Read Shadow of the Father Online
Authors: Kyell Gold
He returned to his original site, where he began throwing bags aside. He could definitely smell the leather of the crown’s satchel, and a faint trace of the fox aroma that had been on the costume. Most of the old bags came apart in his paws, and the ones that didn’t were empty. At the bottom, the leather was slimy with mold, but he pulled at it anyway, until his fingers touched the cold floor of the cellar. Enough light trickled in through the window by now to let him see quite plainly what his nose had been telling him for the last half hour, almost since he’d arrived. The bag was not there. The crown was gone.
Yilon followed Dinah along the broad streets of the heights to where they grew narrower and dingier, windows streaked rather than shining, brick crumbling, stickiness on the flagstones under his paws. He saw shadows in every corner he looked, so after startling for the fourth time, he stopped looking, worrying more about tripping on missing stones.
Ahead of him, Dinah was focused and tense, judging by the curl in her tail and the constant flicking of her ears. He didn’t disturb her with any more questions until they reached a street he recognized, though he wasn’t sure whether it was because it was the first street he’d been on before or if it was simply now light enough for him to make out the familiar pattern of the houses on it. Dinah turned before he would have, though.
“Isn’t it up that way?” He pointed.
She followed his finger. “If you want to walk in the front door,” she said.
“There’s a back door?”
She nodded. “Come on.”
They walked up a narrow passage between houses, around a yard and up a neglected grassy patch that had once been a park. When they cut back down between another row of houses, Dinah stopped him and pointed, across two black porches. “There.”
“Wouldn’t Maxon go out the front?”
“We can see the street from here.” She nodded the other way, down along the house they were standing behind. “One of us should keep watch this way, the other there.”
“Why don’t I just go down to the corner? I can hide behind that house and see more of the street.”
She shrugged indecisively, and he realized then that she had little better idea of what they were doing than he did. “Well,” he said, “are we looking for Min, or waiting to follow Maxon?”

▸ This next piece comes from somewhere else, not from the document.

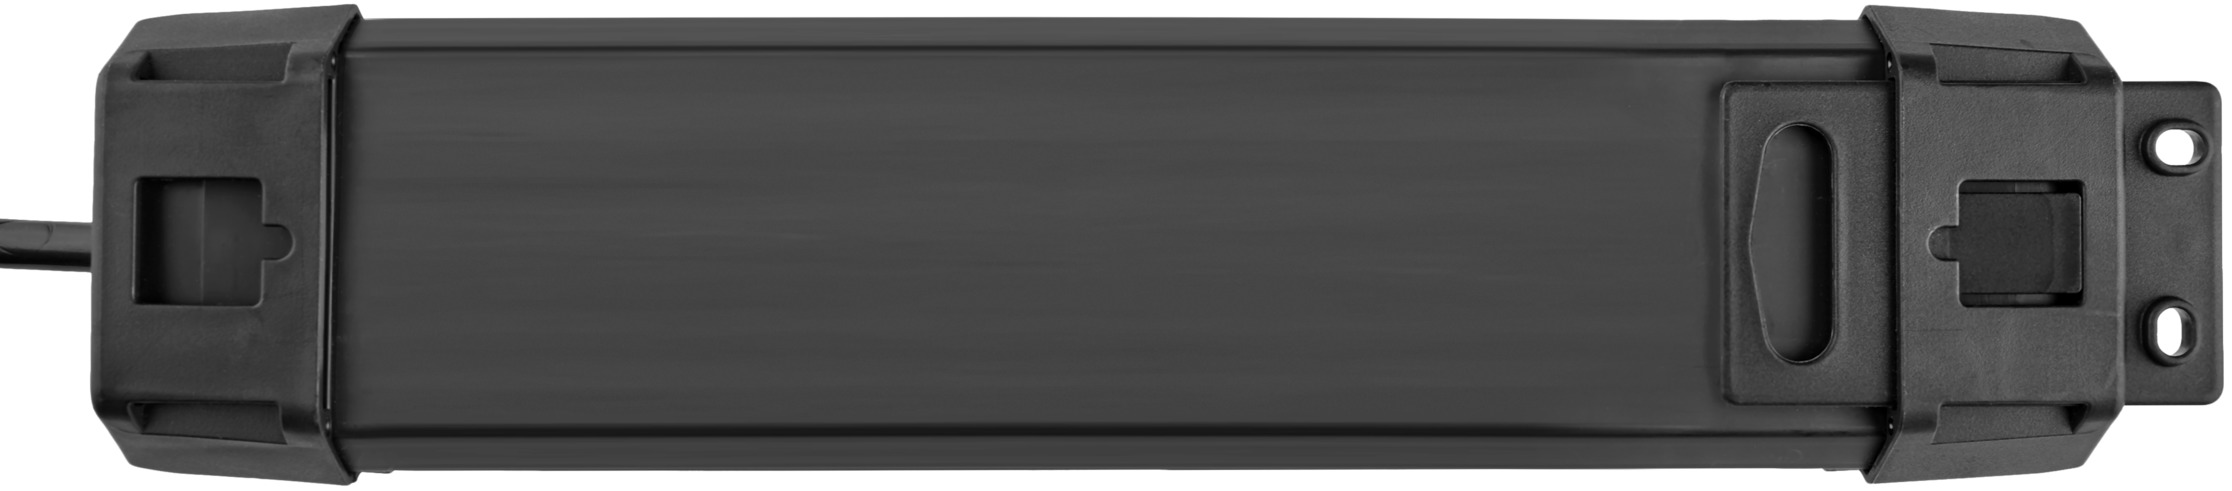 Premium-Line 4-fach Steckdosenleiste Schalter 1,8m Kabel schwarz

“I’m guessing both. If we find Min, he’ll probably be following Maxon, won’t he?”
Yilon nodded. Since she was watching the back yard, he kept an eye on the street. More foxes were moving back and forth, but it was now light enough that he could see that none of them was Maxon. “How do you know the house?”
“Shh,” she said, indicating the house they were near.

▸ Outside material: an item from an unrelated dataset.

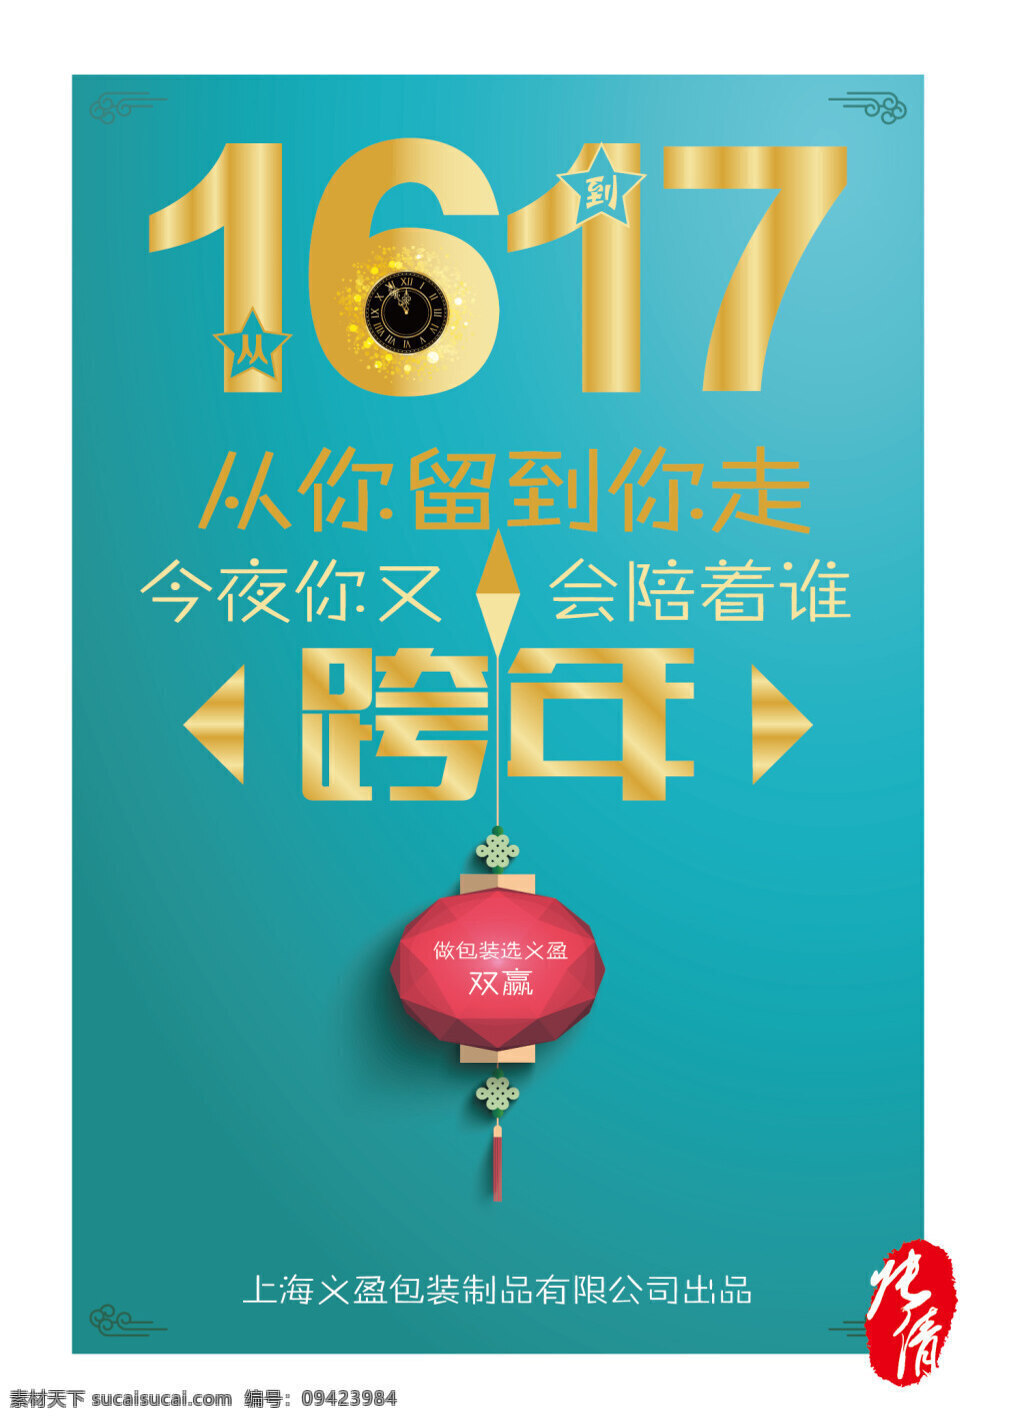 新年跨年海报 张倩作品 2017 年 跨 海报 新年海报 红灯笼 新年展板 中国结 跨年 跨年字体

He lowered his voice. “Okay. How do you know the house?”
She sighed. “Leave it.”
He wanted to, but curiosity burned brighter. “If there’s anything that would help me figure out what’s going on…”
“No.”
After that, he kept quiet. The sun crept closer to rising, brushing the bricks and flagstones in brightening reddish light. The morning was already warmer than the previous day; perhaps this was the late summer Corwin had talked about. Yilon watched the foxes pass on the street, but still did not see Maxon, although one of them looked familiar. He was rubbing his paws together, but his muzzle was down and mostly hidden by a cloak, so Yilon couldn’t say what was familiar about him. The feeling nagged at him, until he forgot it not five minutes later.
“There he is,” he hissed, grabbing Dinah’s arm. Maxon had just appeared on the street, walking slowly with his head down. The clothes, the gait—it was definitely him.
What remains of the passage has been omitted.